## Exercise instructions:
A faithful transcription of all the data, images excluded, is the required answer.

## Dataset section:
____________________
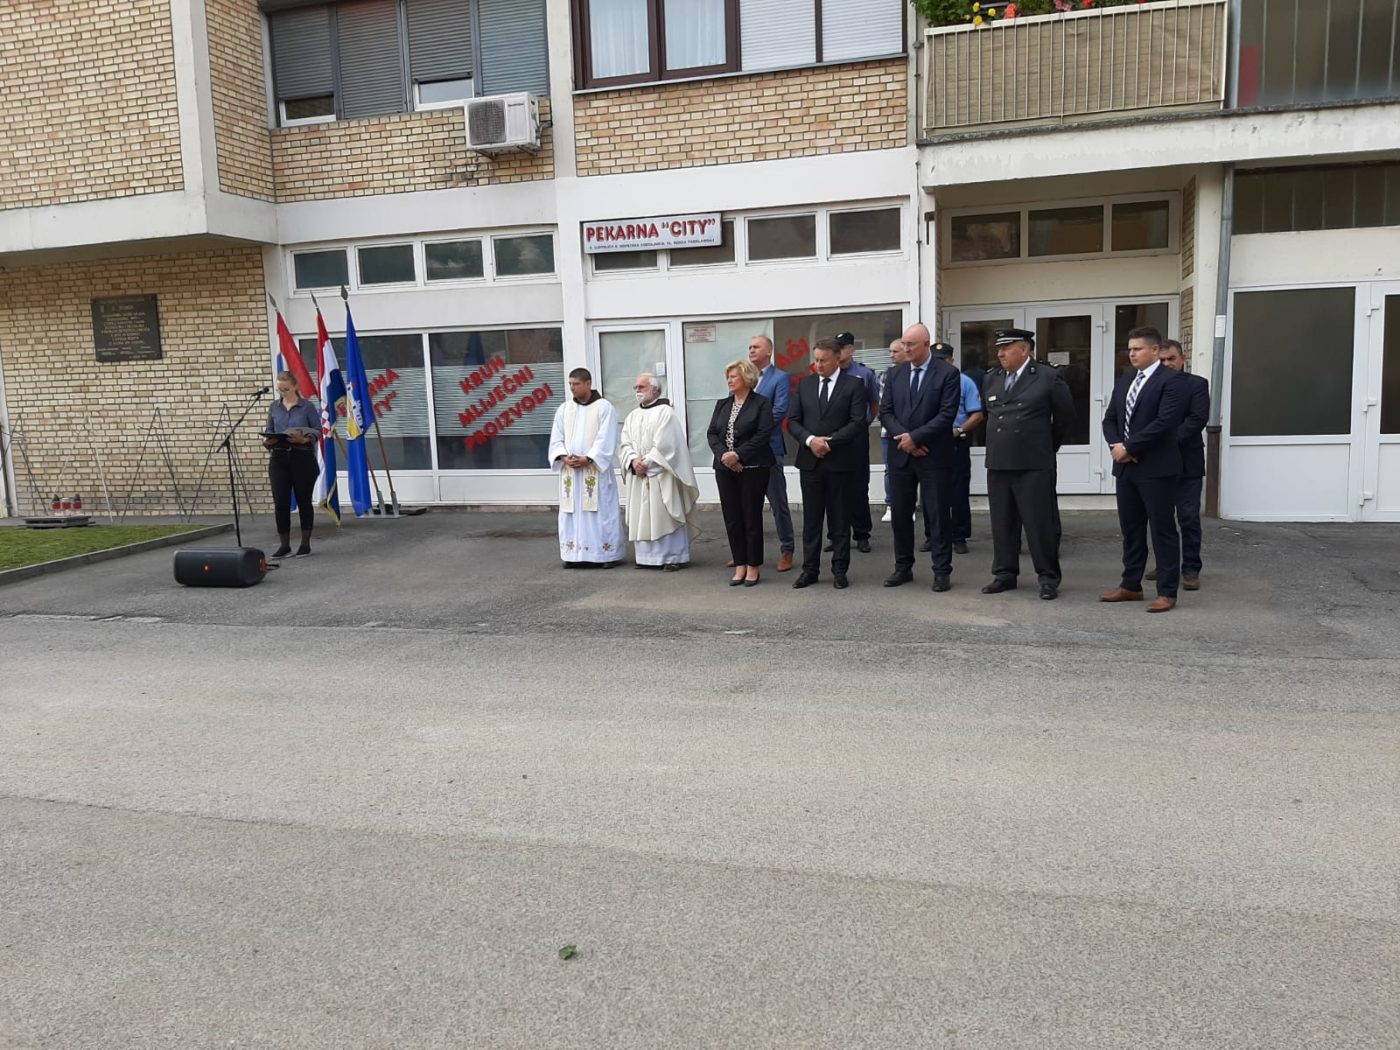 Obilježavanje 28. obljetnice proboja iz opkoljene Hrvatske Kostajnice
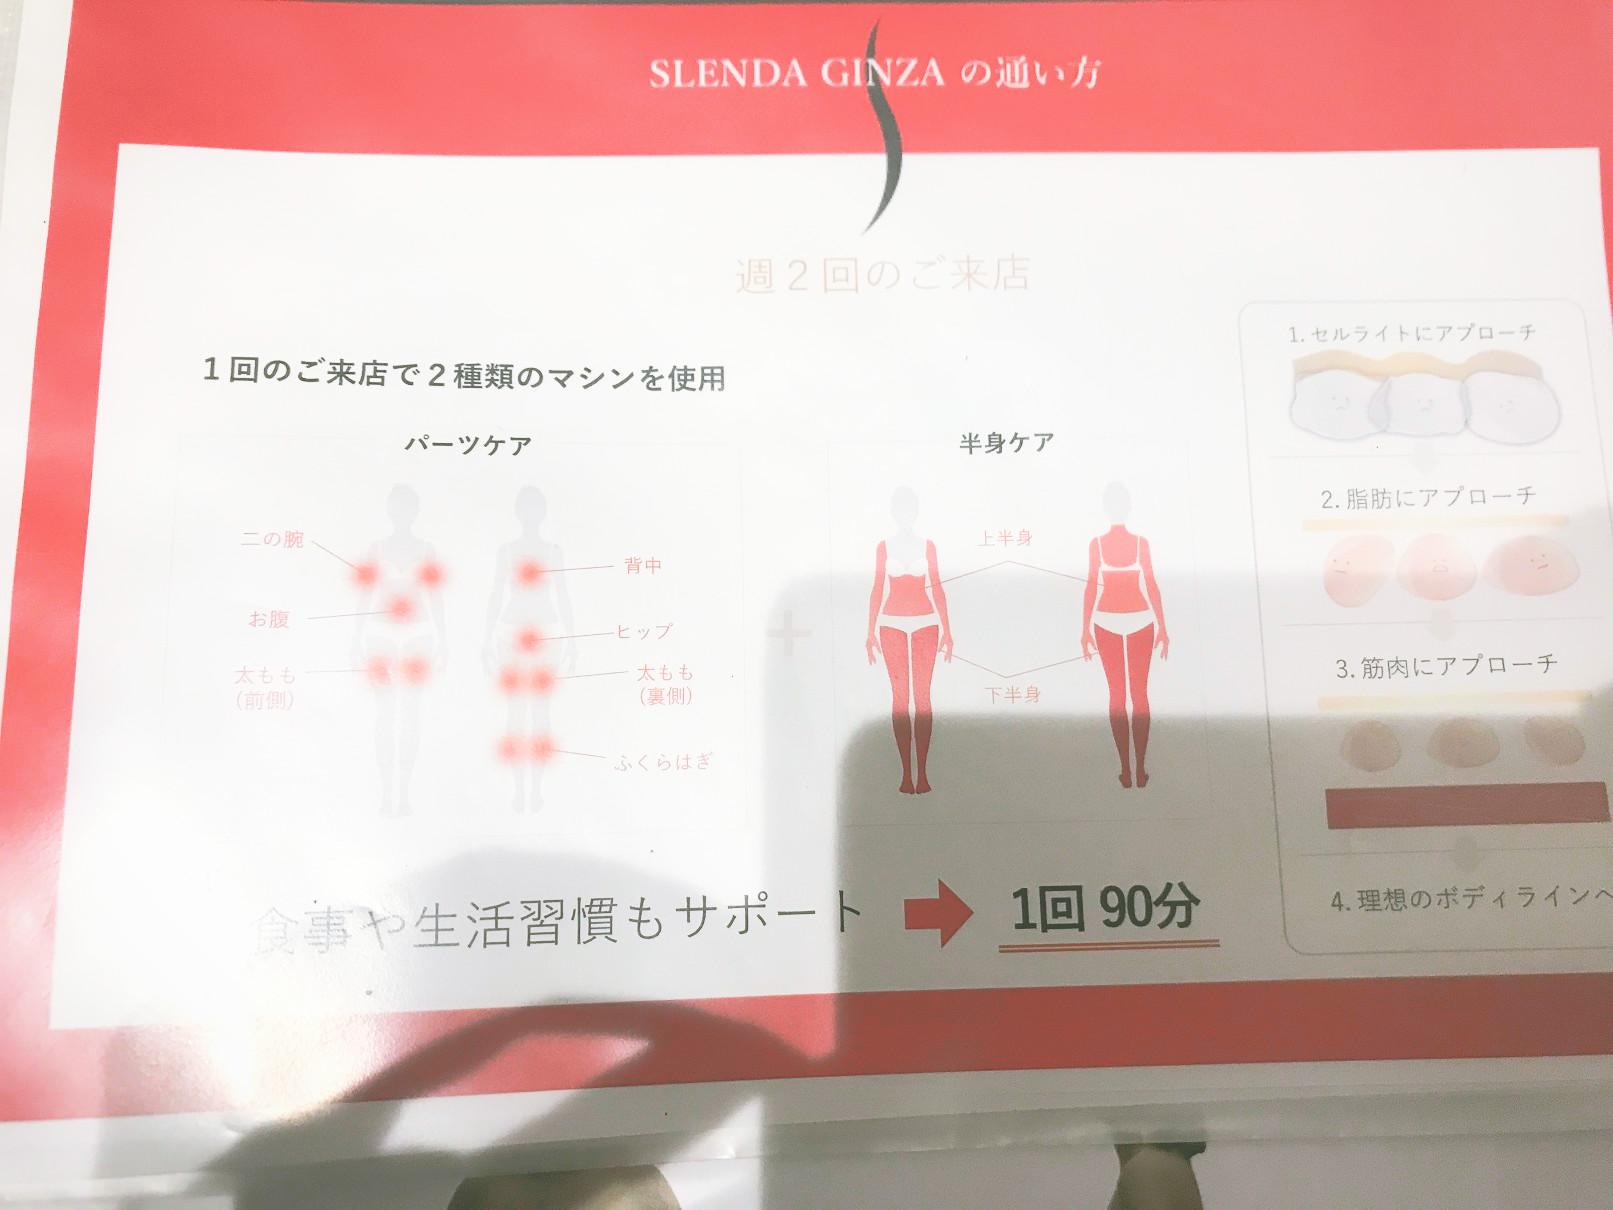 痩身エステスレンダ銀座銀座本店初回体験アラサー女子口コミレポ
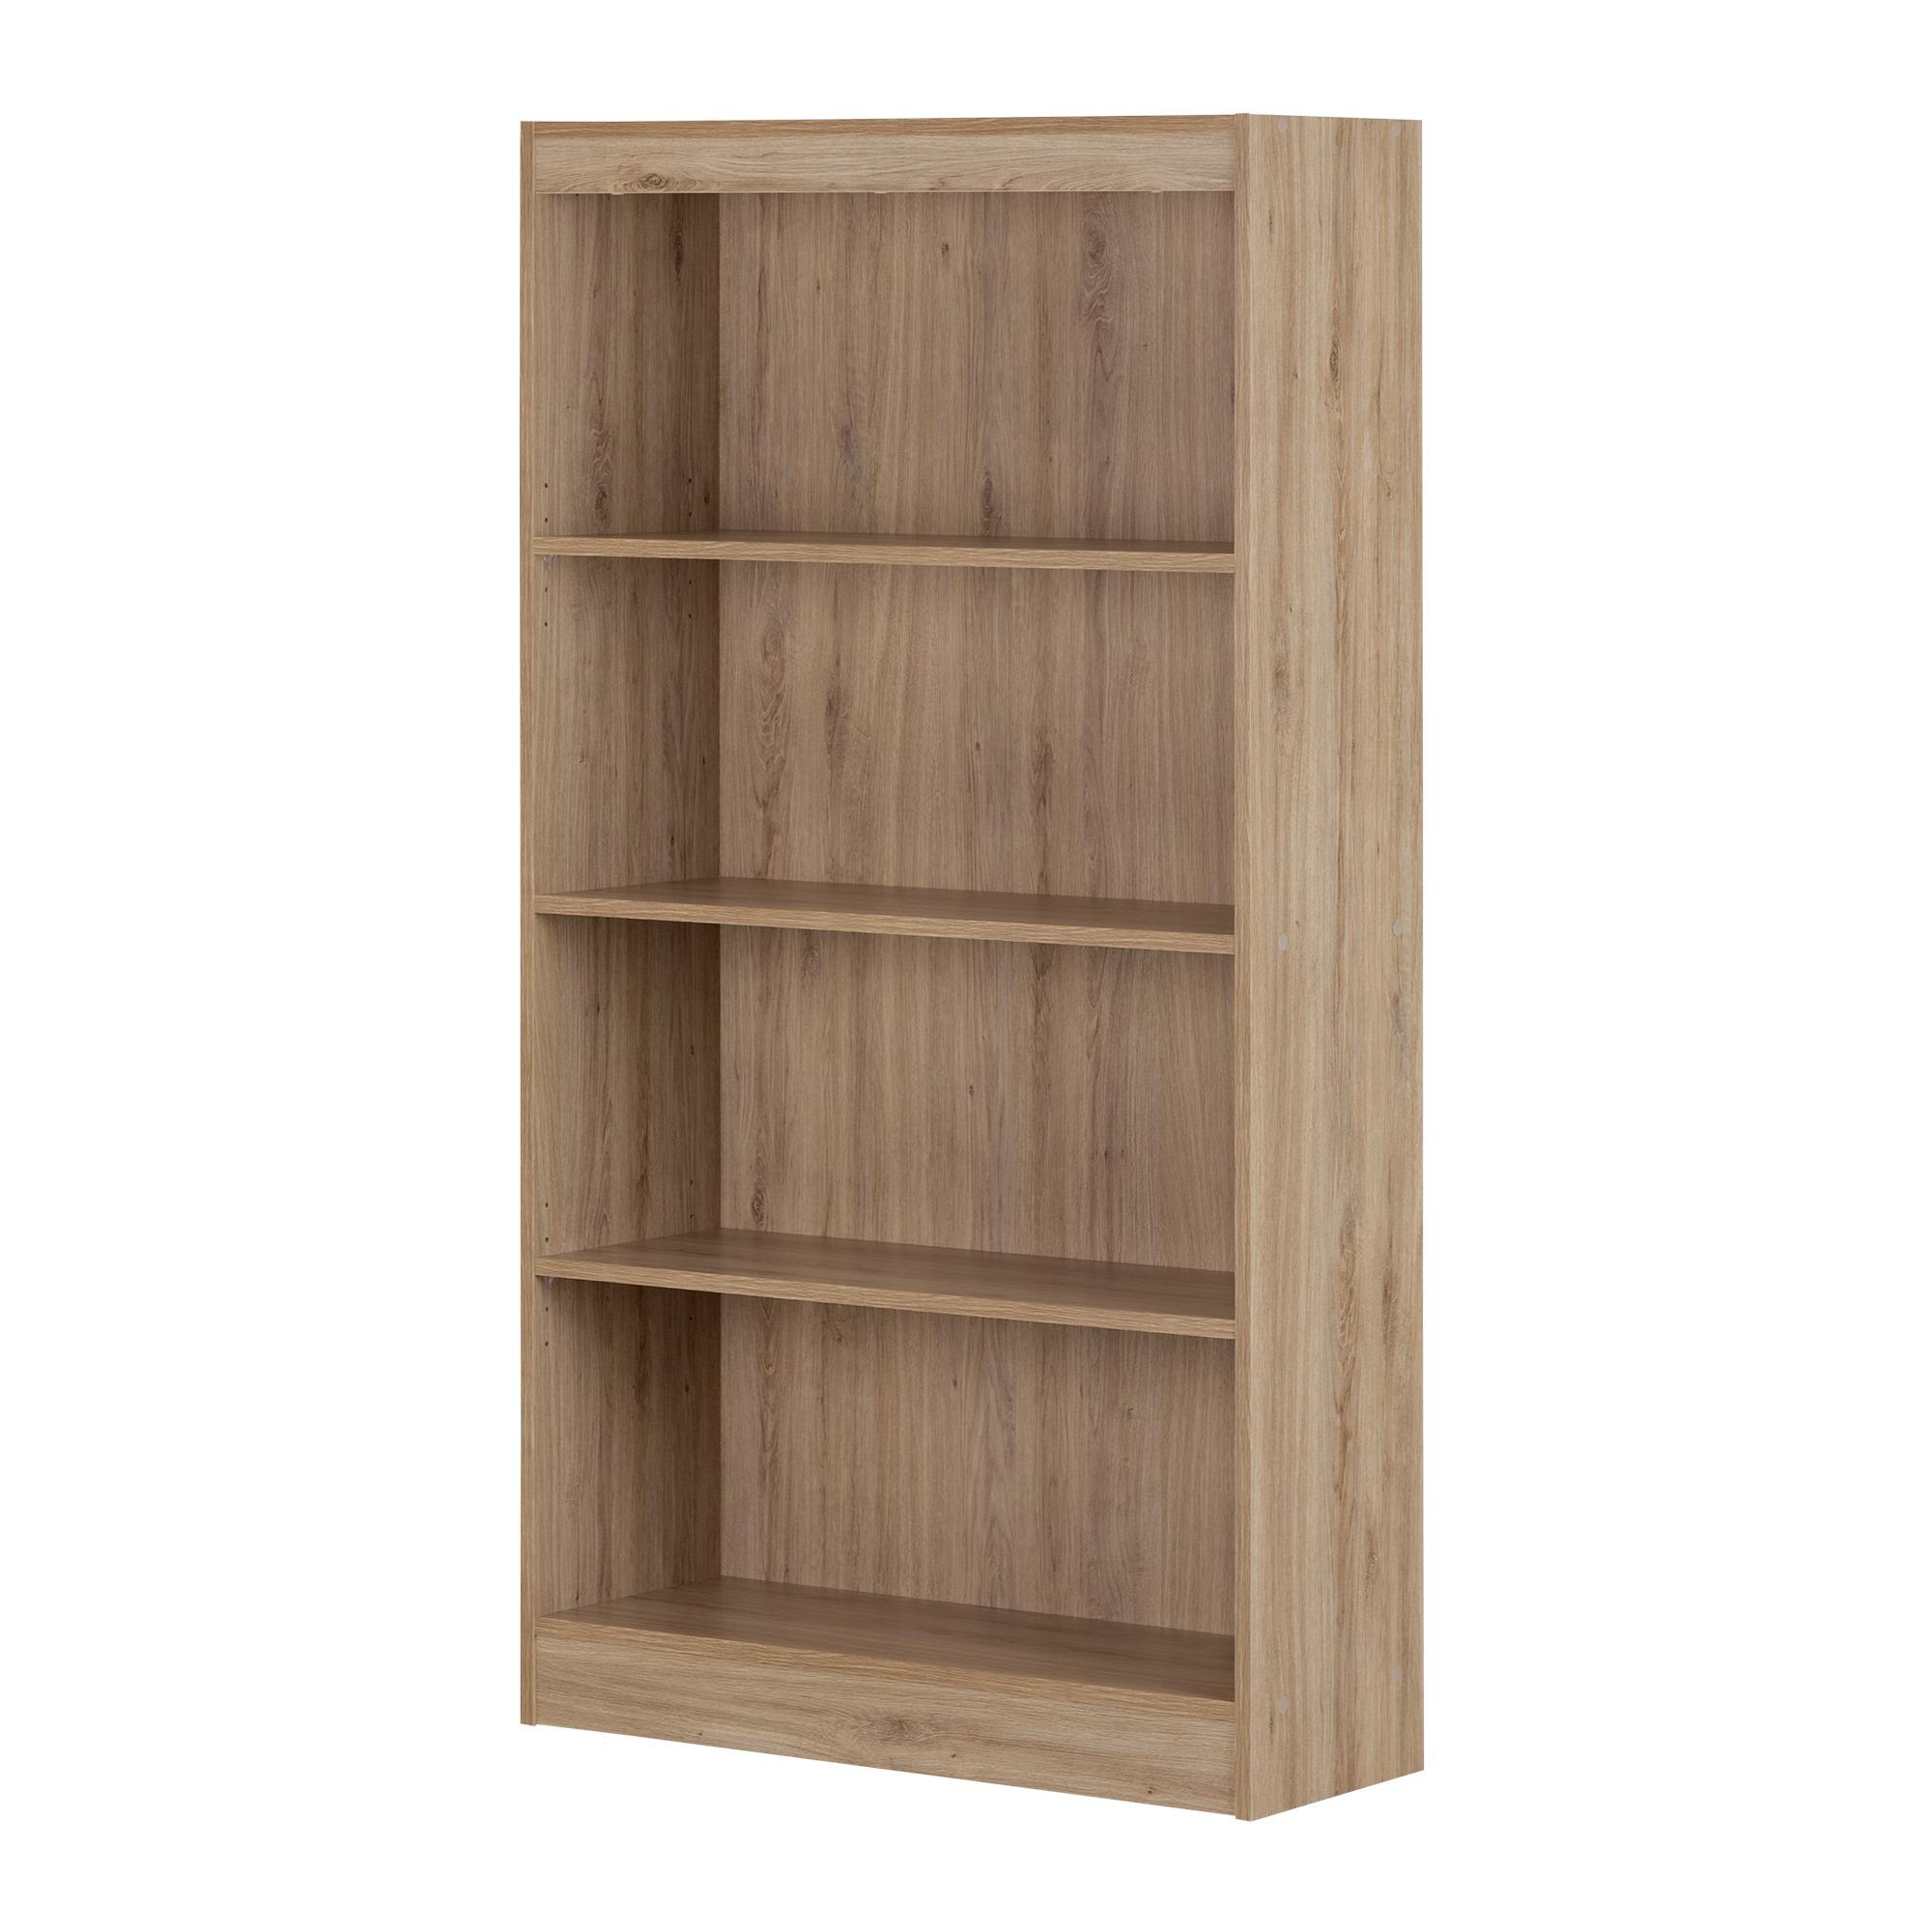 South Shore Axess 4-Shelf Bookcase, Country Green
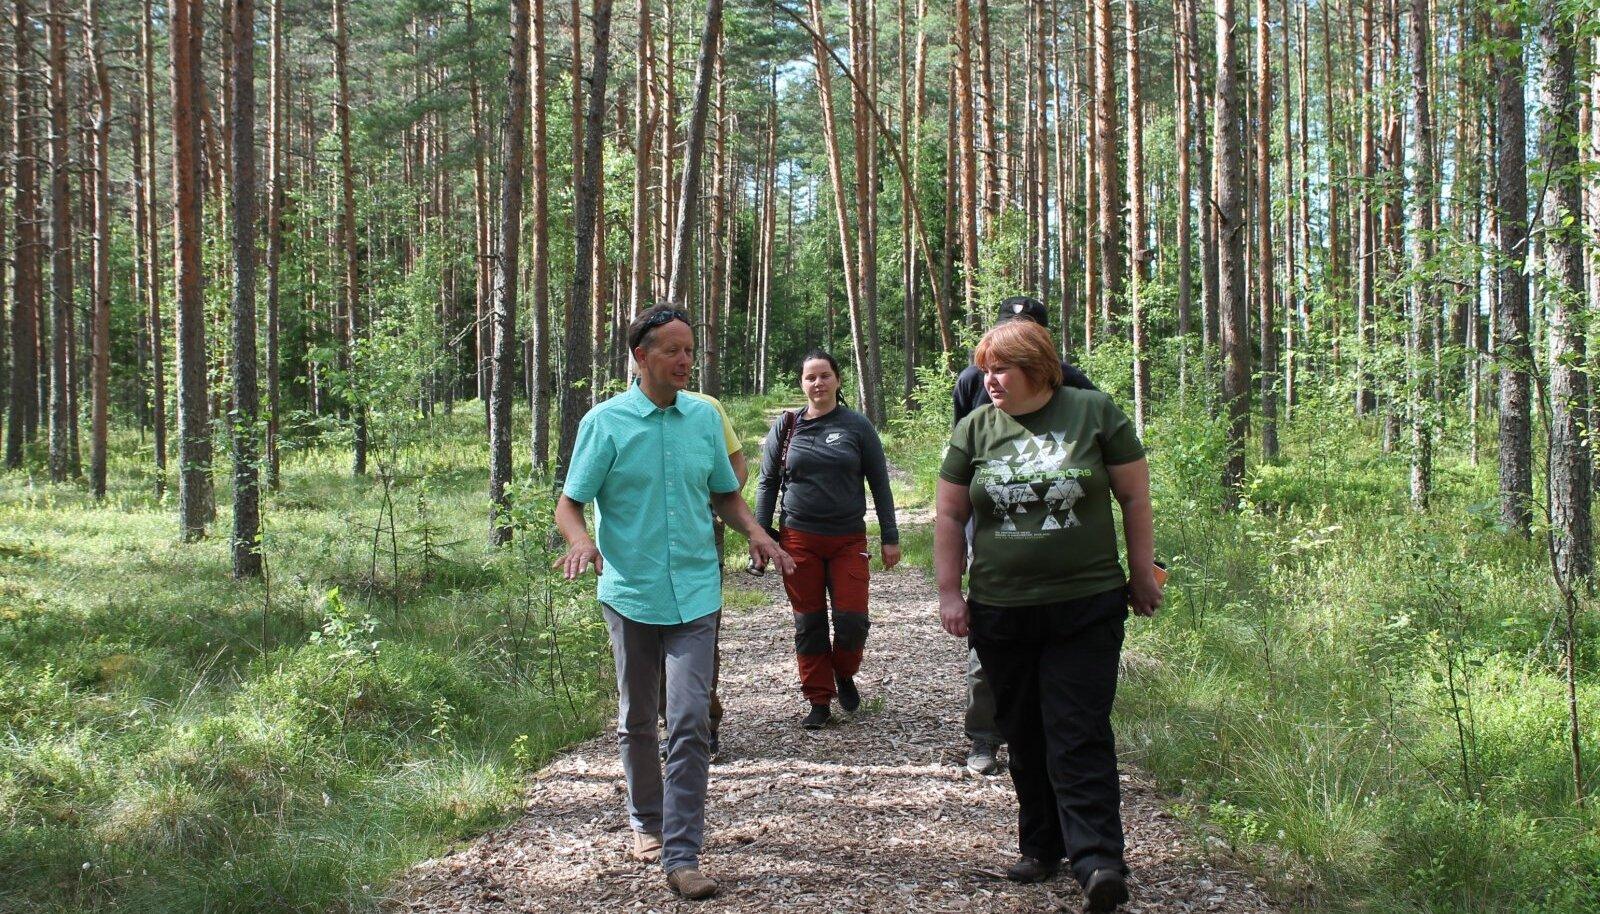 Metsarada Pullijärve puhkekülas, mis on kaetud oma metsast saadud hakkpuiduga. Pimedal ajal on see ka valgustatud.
____________________
## Answer box:
 Obilježavanje 28. obljetnice proboja iz opkoljene Hrvatske Kostajnice
 痩身エステスレンダ銀座銀座本店初回体験アラサー女子口コミレポ
 South Shore Axess 4-Shelf Bookcase, Country Green
 Metsarada Pullijärve puhkekülas, mis on kaetud oma metsast saadud hakkpuiduga. Pimedal ajal on see ka valgustatud.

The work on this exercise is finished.